When Kinsey’s report on women’s sexuality came out in the 1950s, Pierce said, “it showed that women were more sexually active than people believed, and there was an explosion of moral panic — ‘You’re lying. This can’t be true.’”
The same moral panic, he said, has been happening in Indiana around transgender people. The governor last month signed into law a ban on gender-affirming care for minors. Kinsey’s research about the fluidity of gender may have alarmed many of those same lawmakers who approved the ban, Pierce said.
He told his colleagues during a heated floor debate that, even if they believed what was being said about Kinsey, “it was 50 to 70 years ago,” and that today, federal laws and university policies protect research subjects.
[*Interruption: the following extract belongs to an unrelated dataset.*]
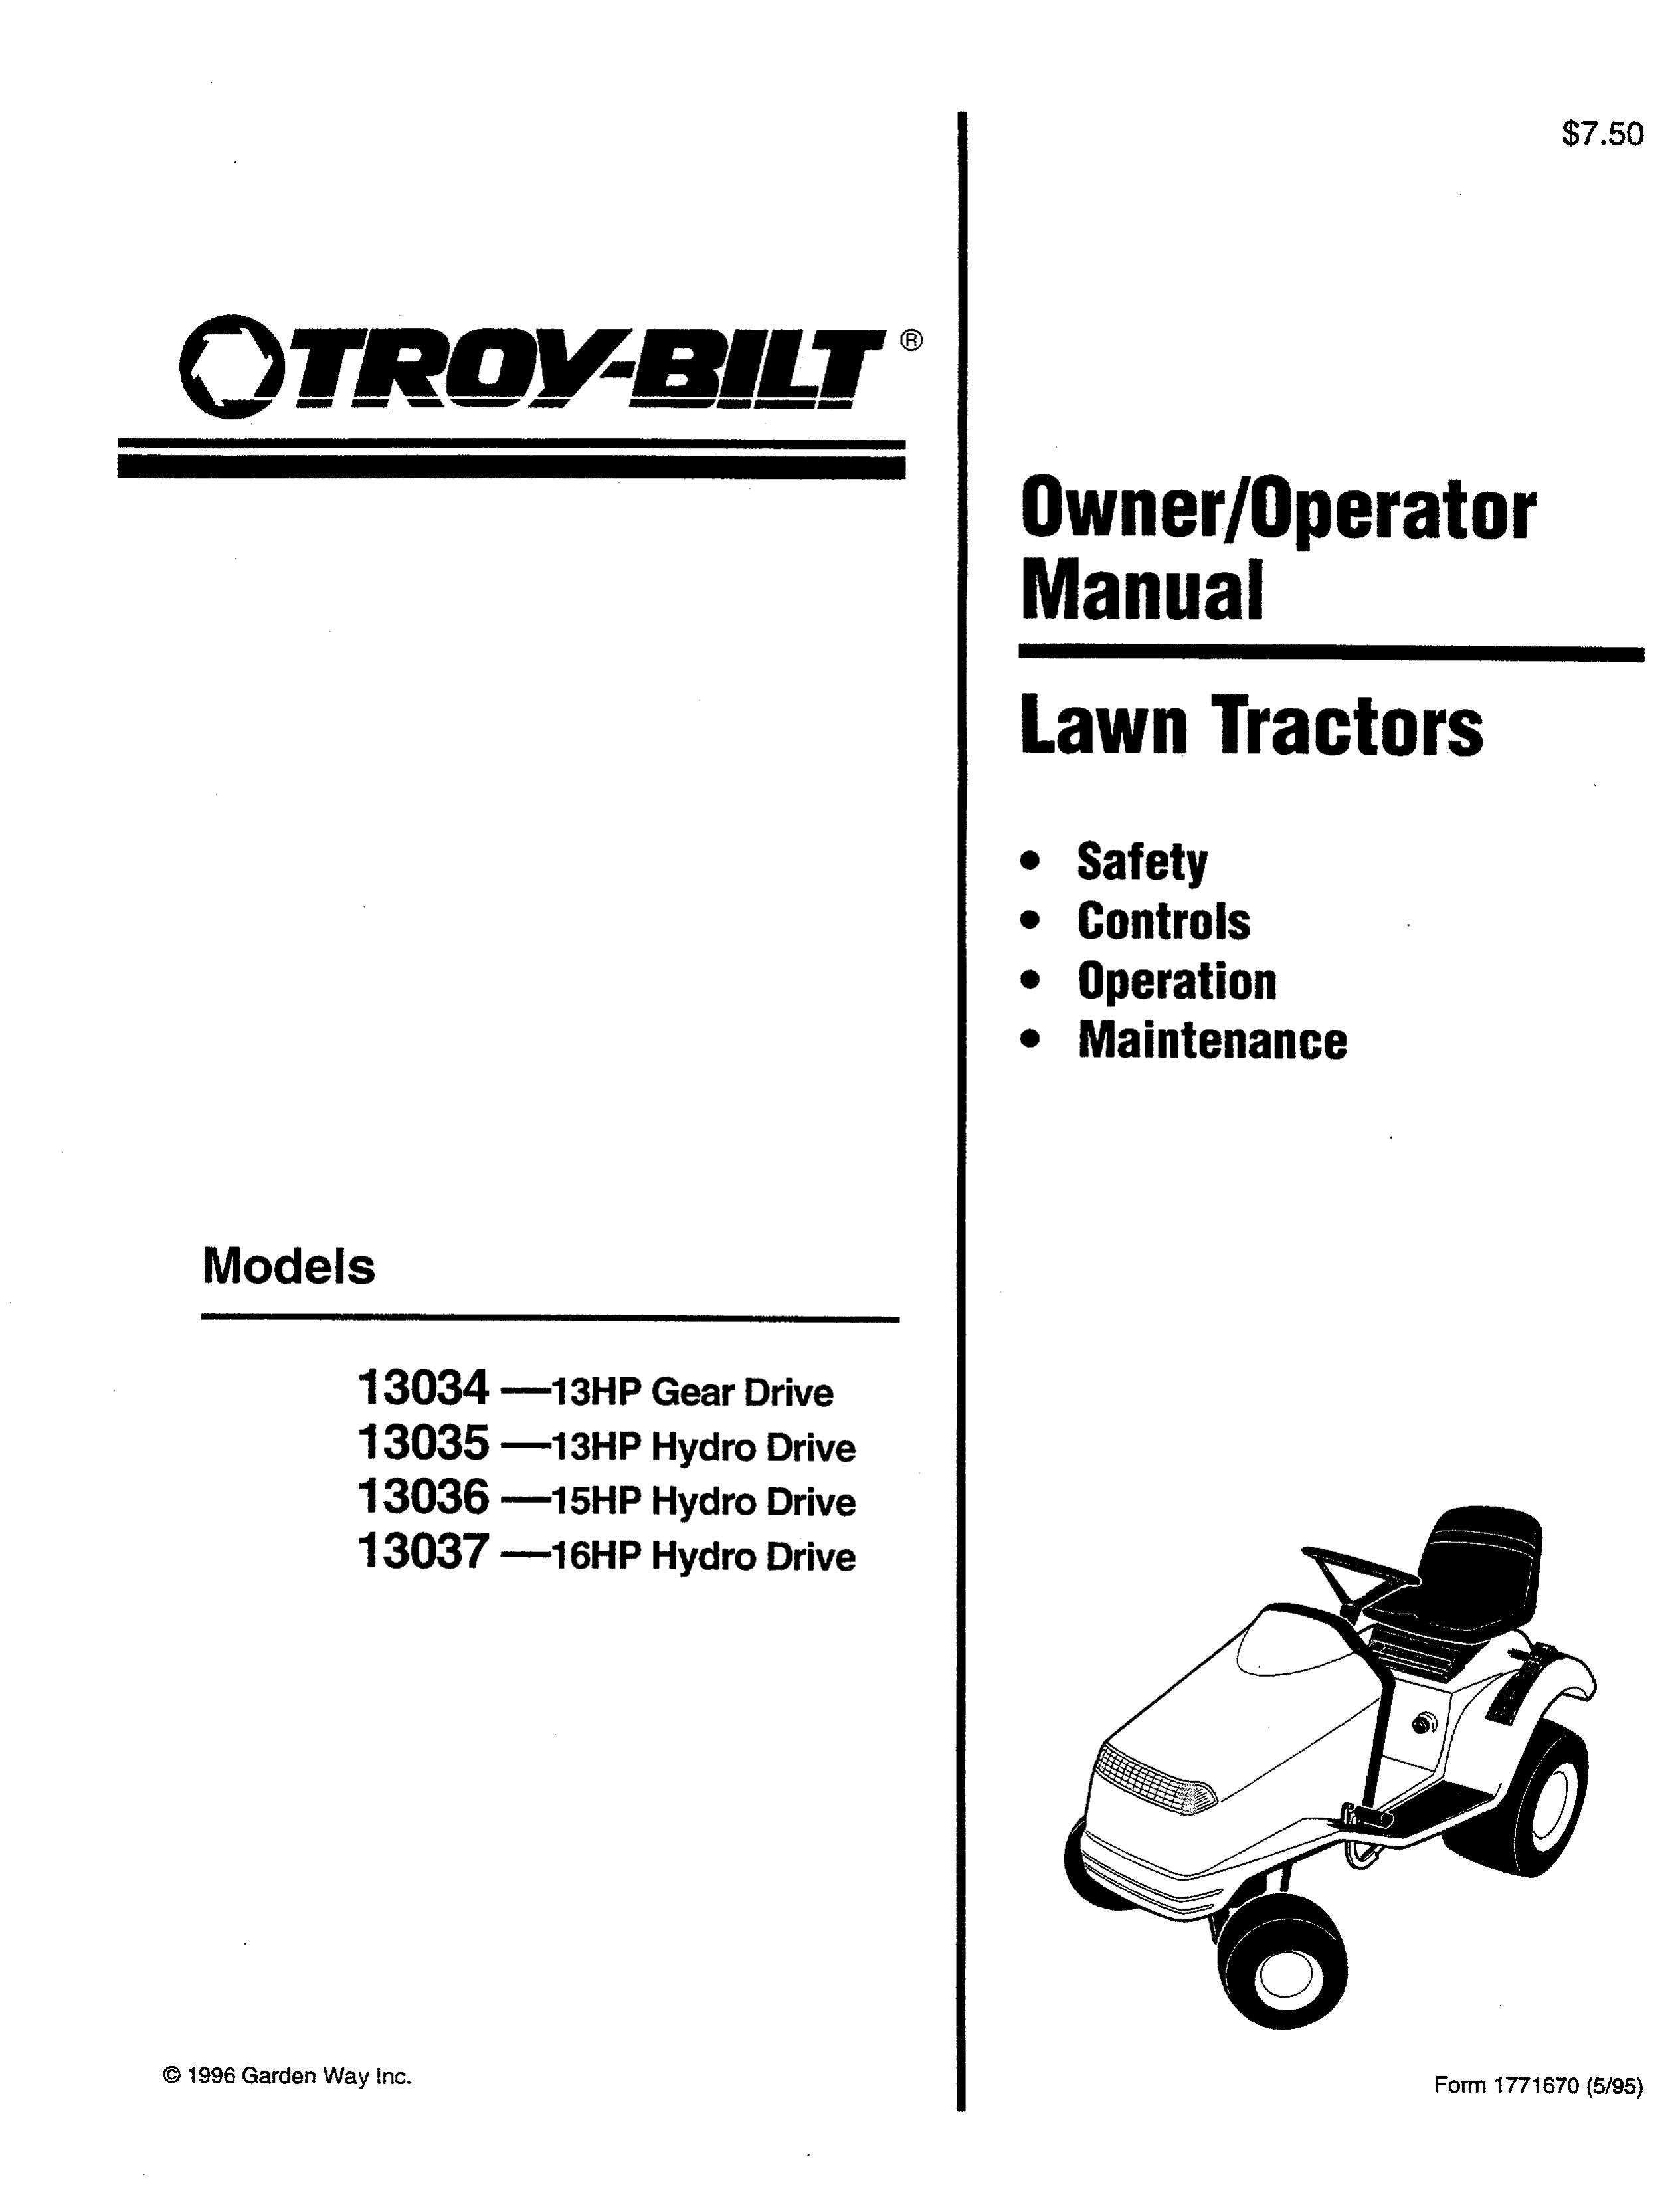 Troy-Bilt 13035 Lawn Mower User Manual

While the ban on using state funds will force the university to go through time-consuming checks to be sure public money isn’t going toward institute costs, “To me, the greater concern is the precedent that the legislator is attempting to stamp out a whole area of academic inquiry,” Pierce said. “What will be next?”
In his opinion piece in The Washington Post, Garcia described the institute as the leading sex-research institute in the world, staffed by internationally renowned biologists, psychologists, anthropologists, health scientists, and demographers. The institute, he wrote, publishes dozens of scientific and academic articles each year across a variety of disciplines. Its critics, over the decades, have painted a far different picture, blaming the research center for promoting homosexuality and pornography, inciting the sexual revolution, and tearing away at the nation’s moral fabric.
Garcia warned that Indiana isn’t alone in seeing debates over gender and sexuality become politicized. Legislators elsewhere, he wrote, are ignoring scientific evidence in passing laws that restrict reproductive health care, discussions of gender identity, and basic sex education. Despite the latest setback, he wrote, “I am optimistic that this latest culture war will pass. And the Kinsey Institute will carry on.”